Ainakin tällanen tutkimus on olemassa:
The Effect of Circumferential Taping on Flexor Tendon Pulley Failure in Rock Climbers
Warme and Brooks
Am J Sports Med.2000; 28: 674-678
The purpose of this study was to determine whether circumferential taping of the base of the finger increases the A2 pulley’s load to failure in a model simulating a rock climber’s grip. Nine pairs of fresh-frozen cadaveric hands, 20 to 47 years of age, were rigidly mounted in a specialized jig that maintained the finger in the climber’s "crimp" position. Two of the four fingers of each hand were reinforced over the A2 pulley with three wraps of cloth adhesive tape. The flexor digitorum profundus and superficialis tendons were distracted until pulley or tendon failure.
Overall, A2 pulley strength was greater in male specimens than in female specimens, and the A2 pulley of the small finger was the weakest tested. The A2 pulley failed simultaneously with the A3 and A4 pulleys in 55% of the tests.

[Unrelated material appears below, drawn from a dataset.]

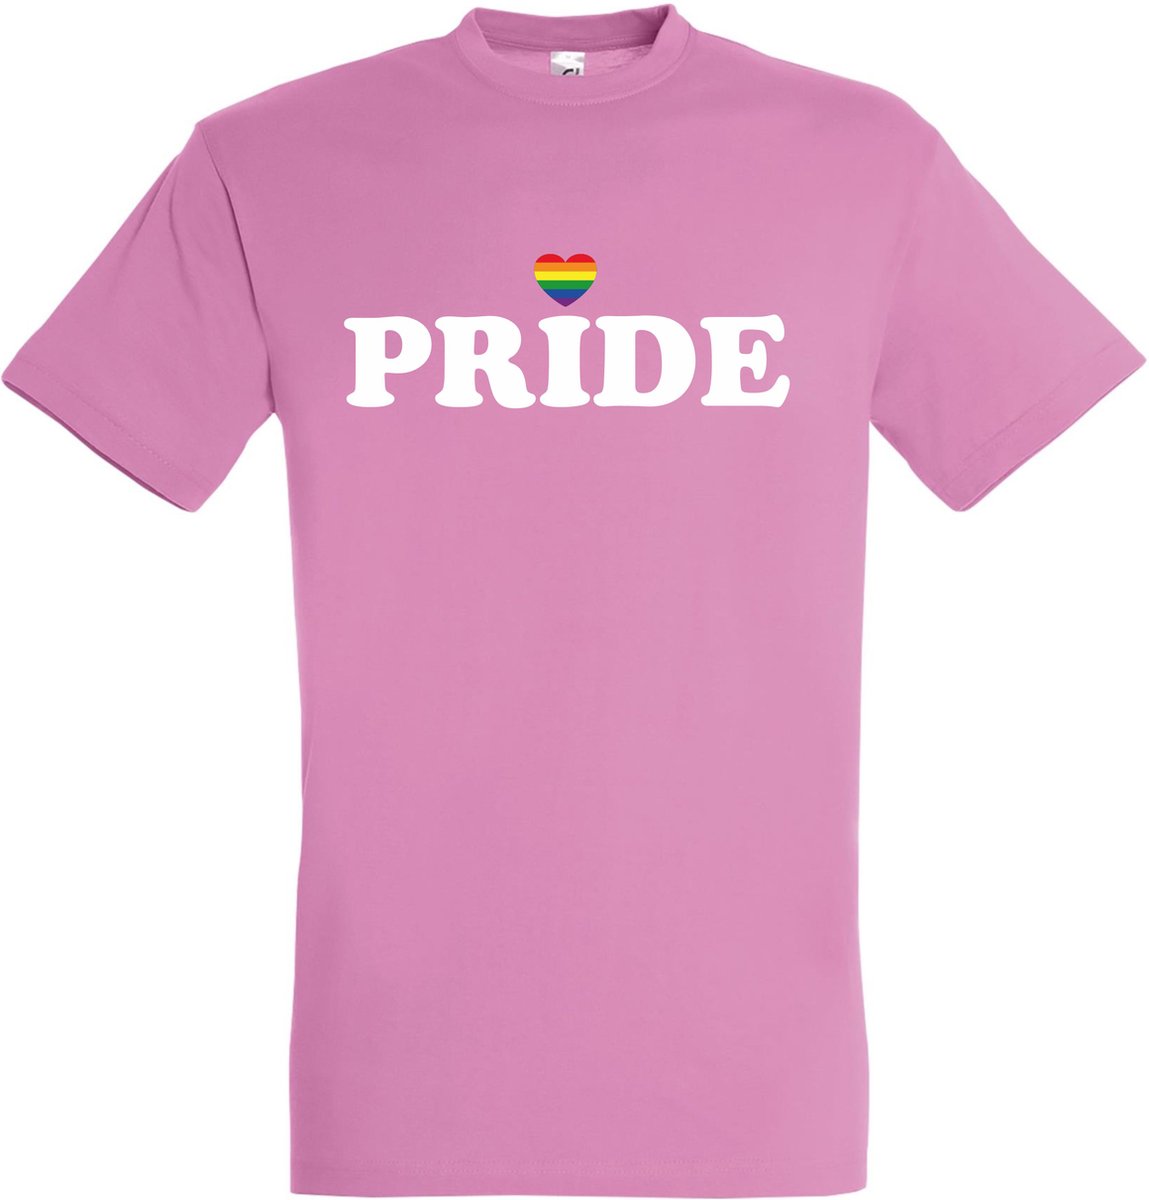 T-shirt Pride met hartje | Regenboog vlag | Gay pride kleding | Pride shirt | Roze | maat M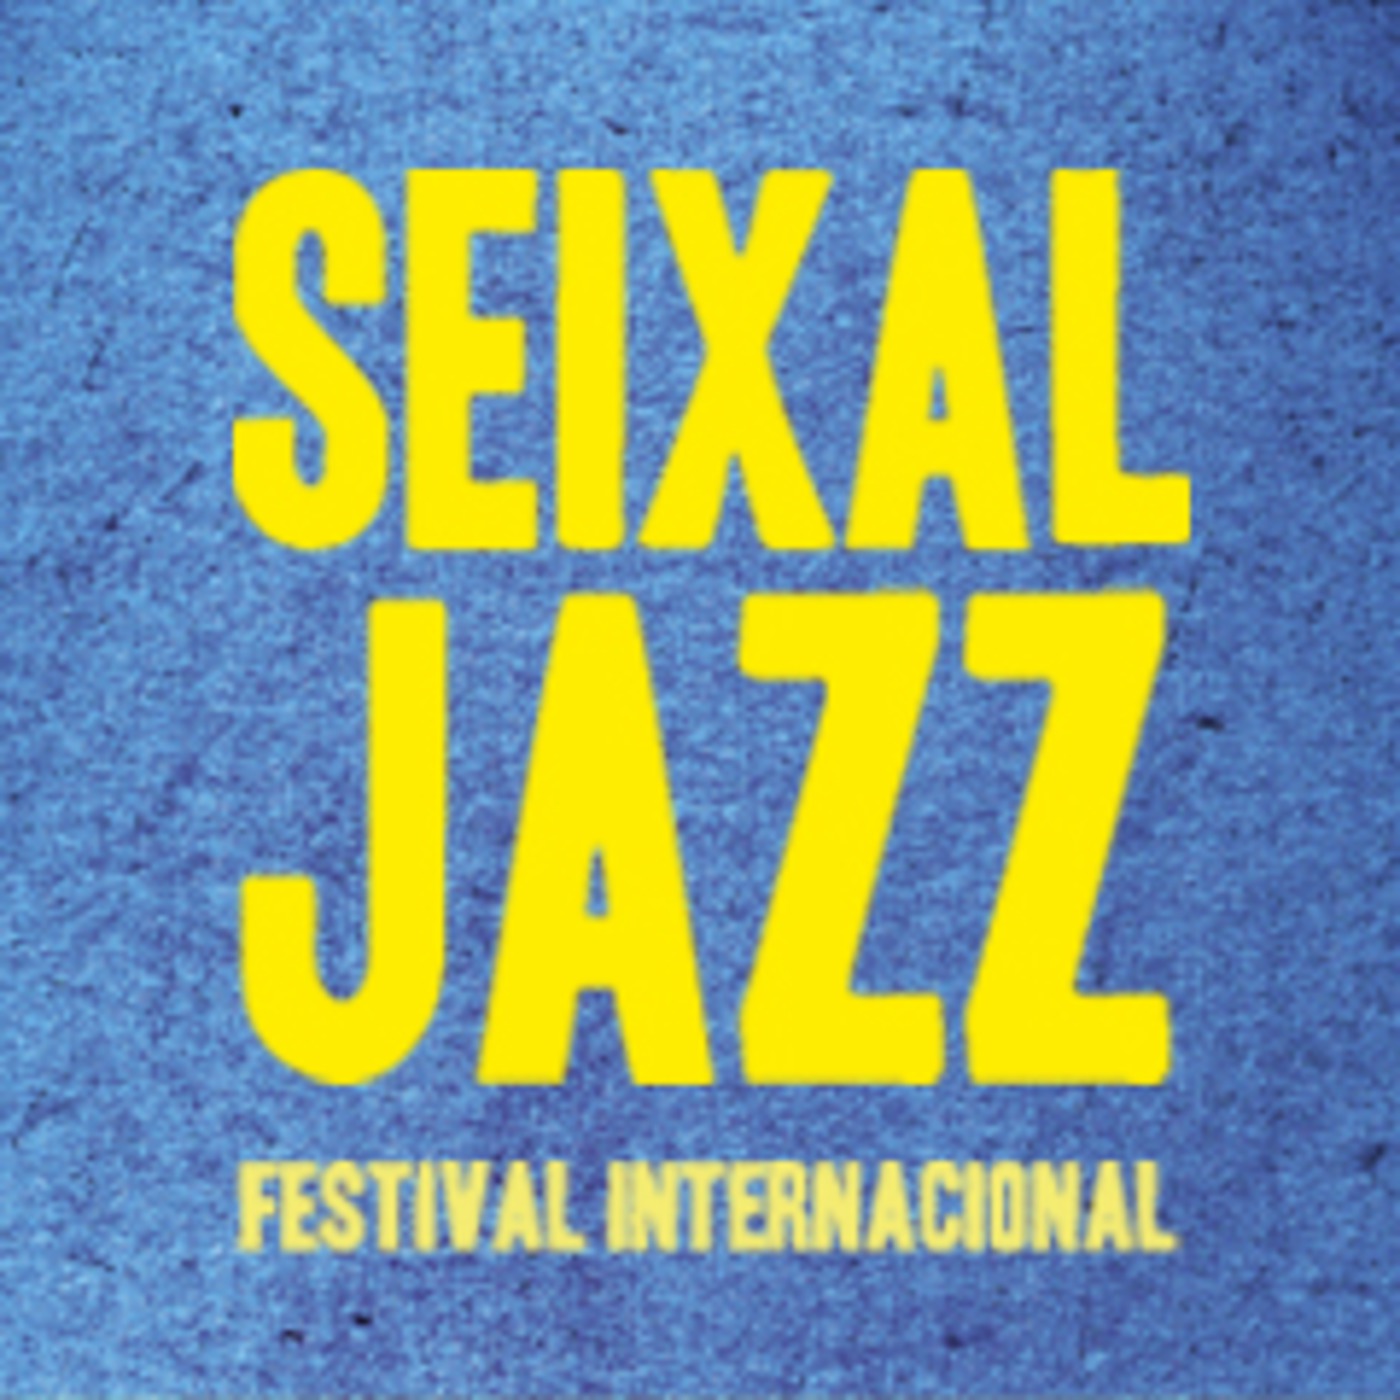 Festival Internacional SeixalJazz

In the remaining trials, a single pulley failed initially followed by the remainder of the sheath.
Of the 72 fingers studied, complete data were available for comparison of 22 pairs of fingers. No statistically significant difference in load to A2 pulley failure was noted between the taped and untaped finger pairs.
Based on our findings we do not support taping the base of the fingers as a prophylactic measure against flexor tendon sheath injury in the climbing athlete.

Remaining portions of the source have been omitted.